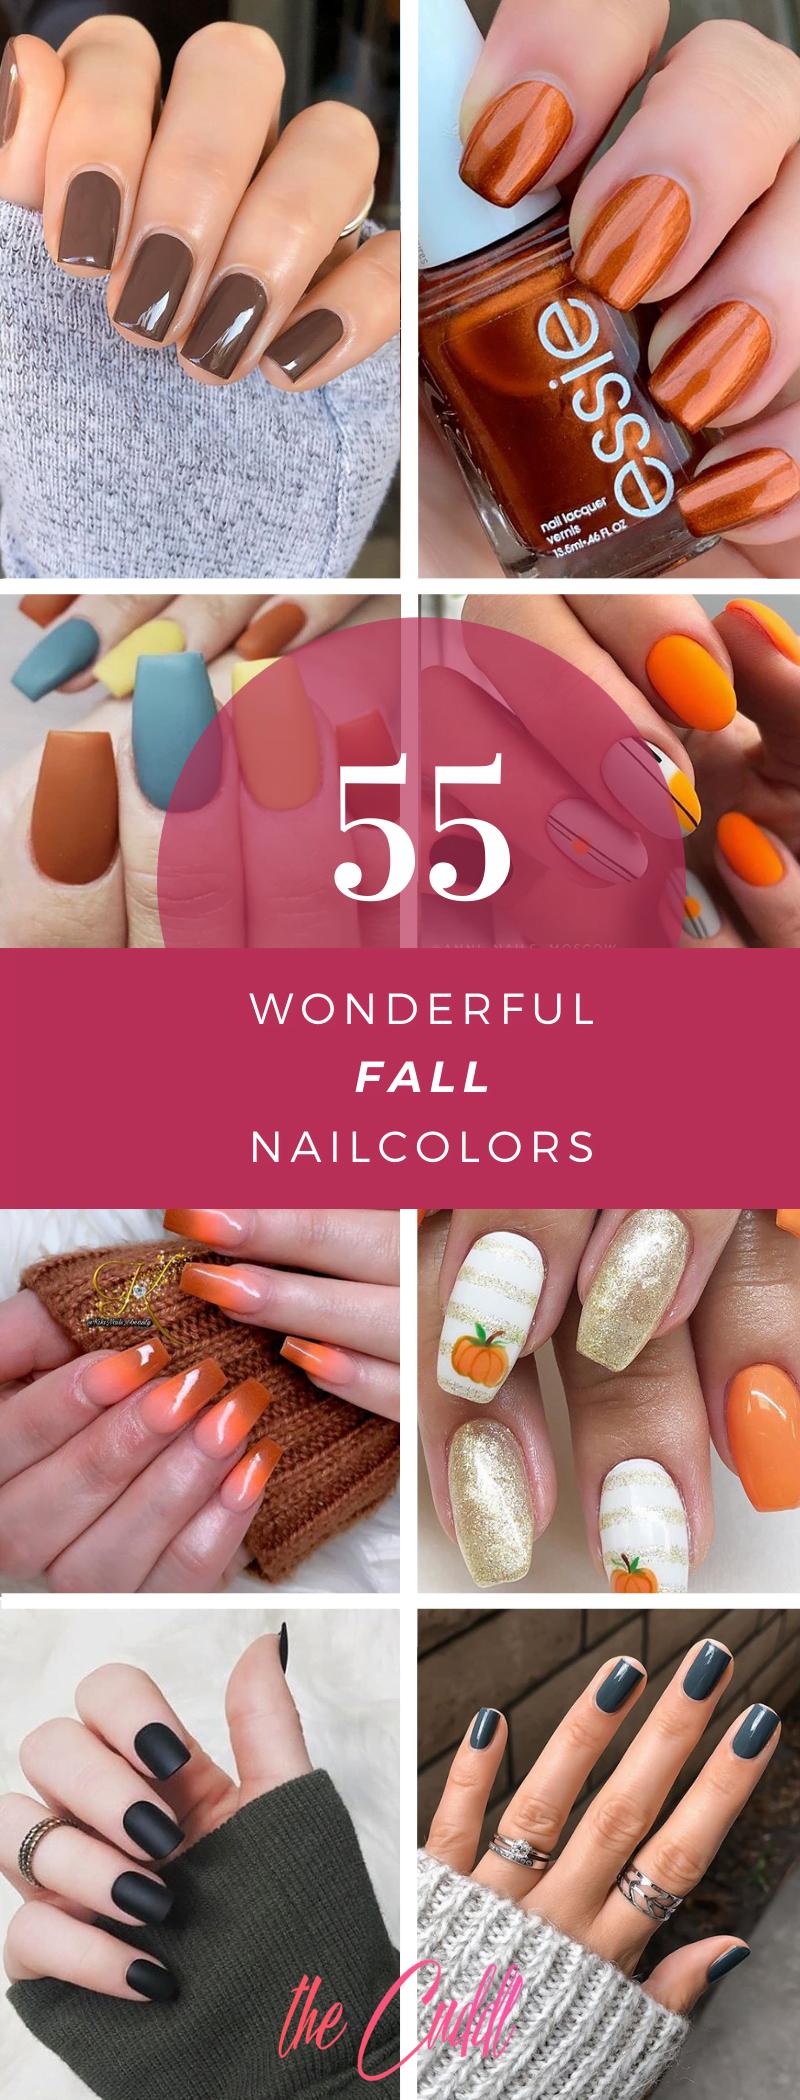 Top 50 Most Popular Fall Nail Designs
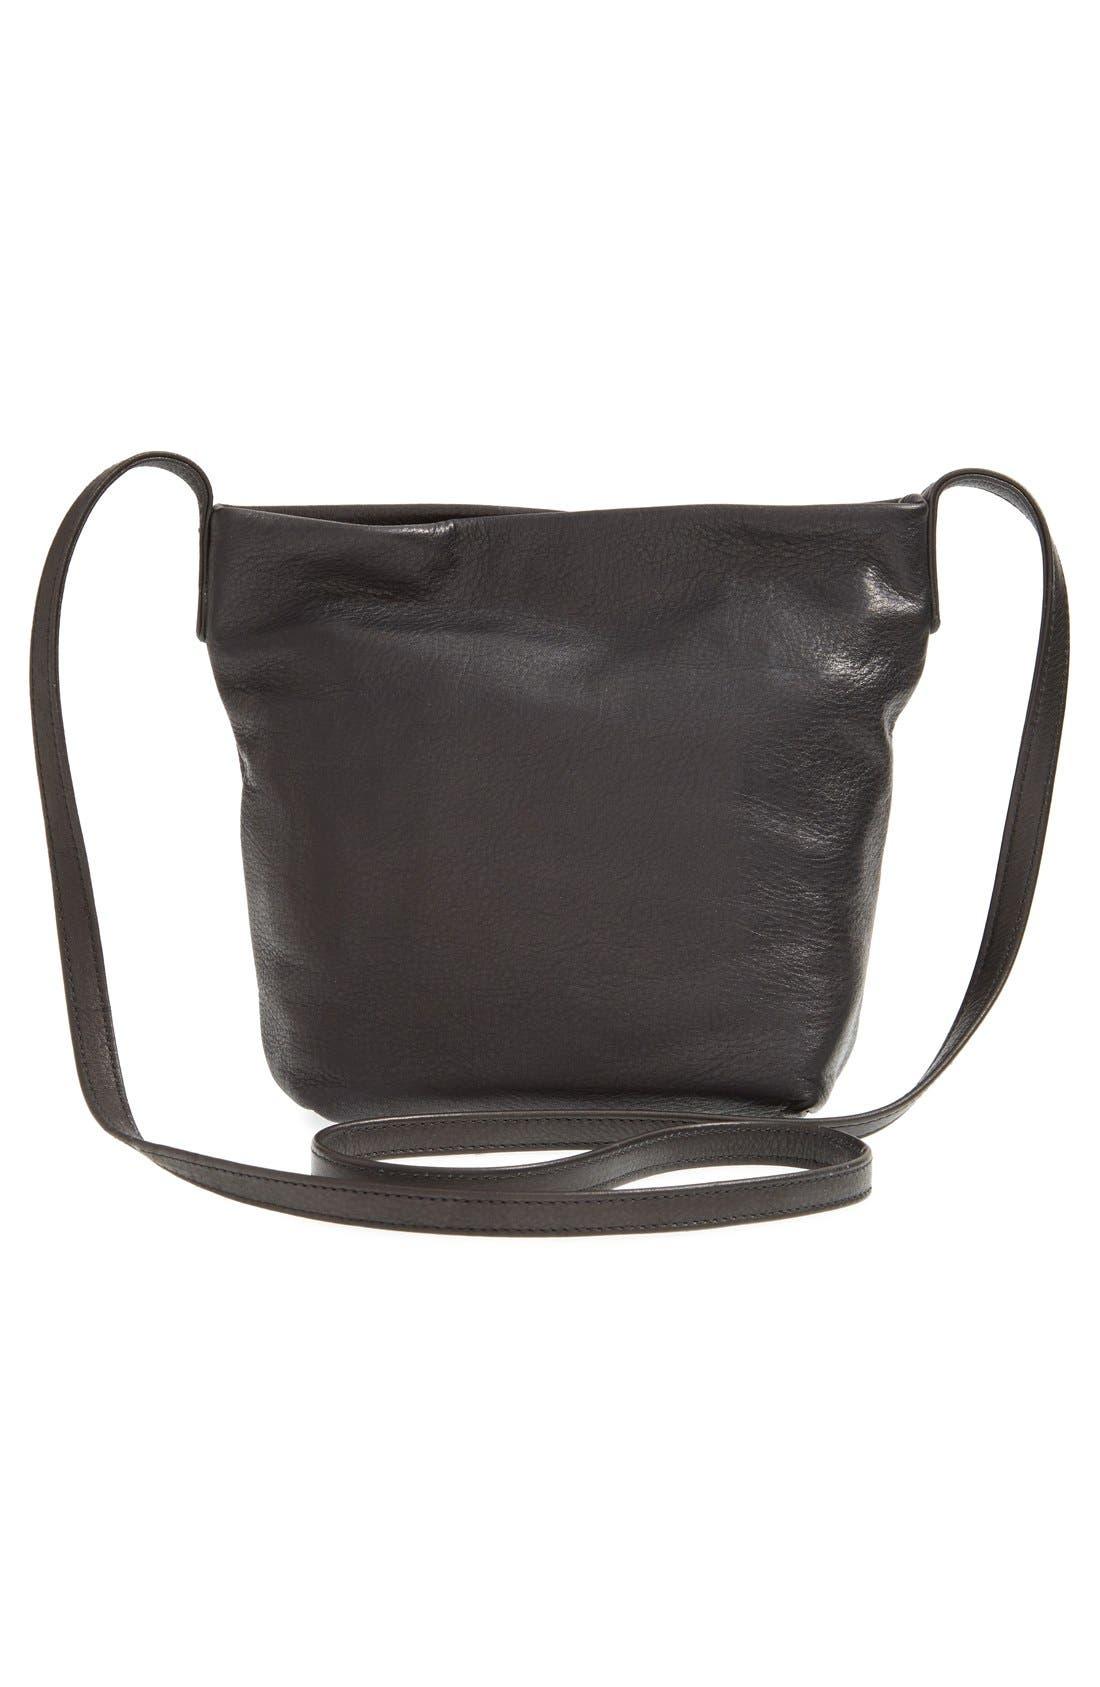 BAGGU,                              Leather Crossbody Bag,                             Alternate thumbnail 3, color,                             004
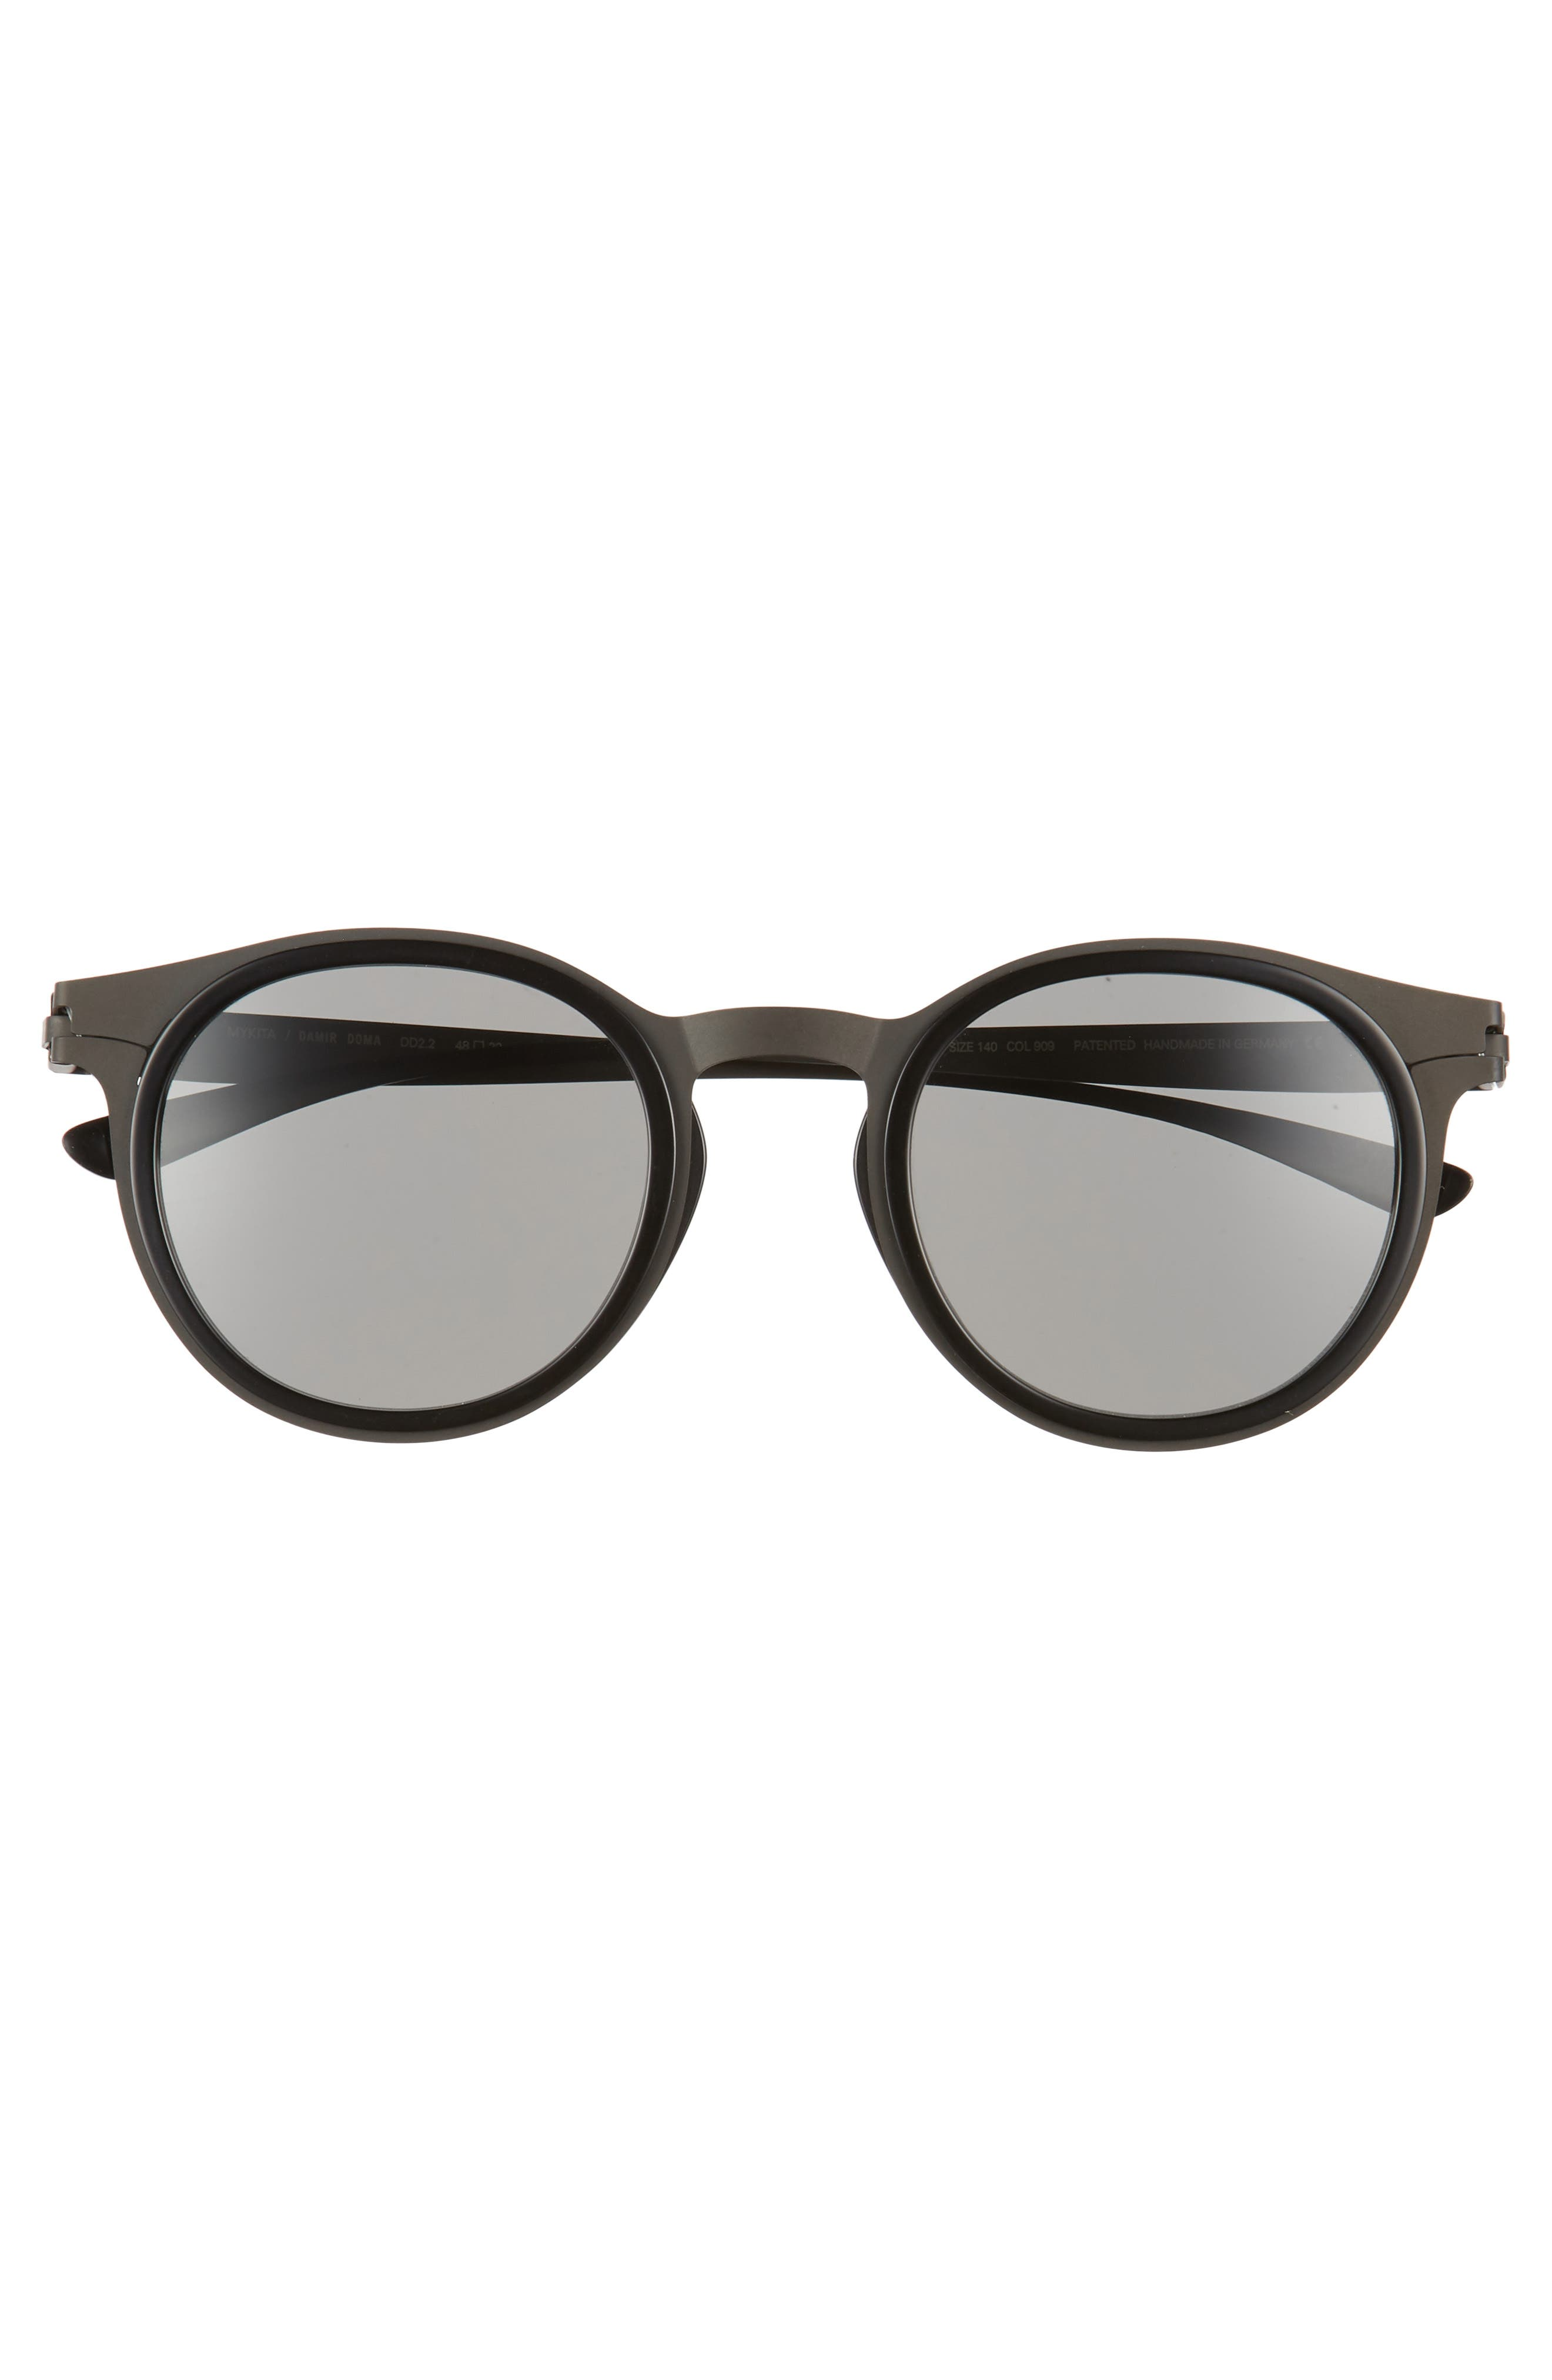 DD2.2 48mm Round Sunglasses,                             Alternate thumbnail 2, color,                             001

● ● ● ● ●

What the task asks
Give back the whole of the material exactly, with the pictures removed.

Problem solution
 Top 50 Most Popular Fall Nail Designs
 BAGGU,                              Leather Crossbody Bag,                             Alternate thumbnail 3, color,                             004
 DD2.2 48mm Round Sunglasses,                             Alternate thumbnail 2, color,                             001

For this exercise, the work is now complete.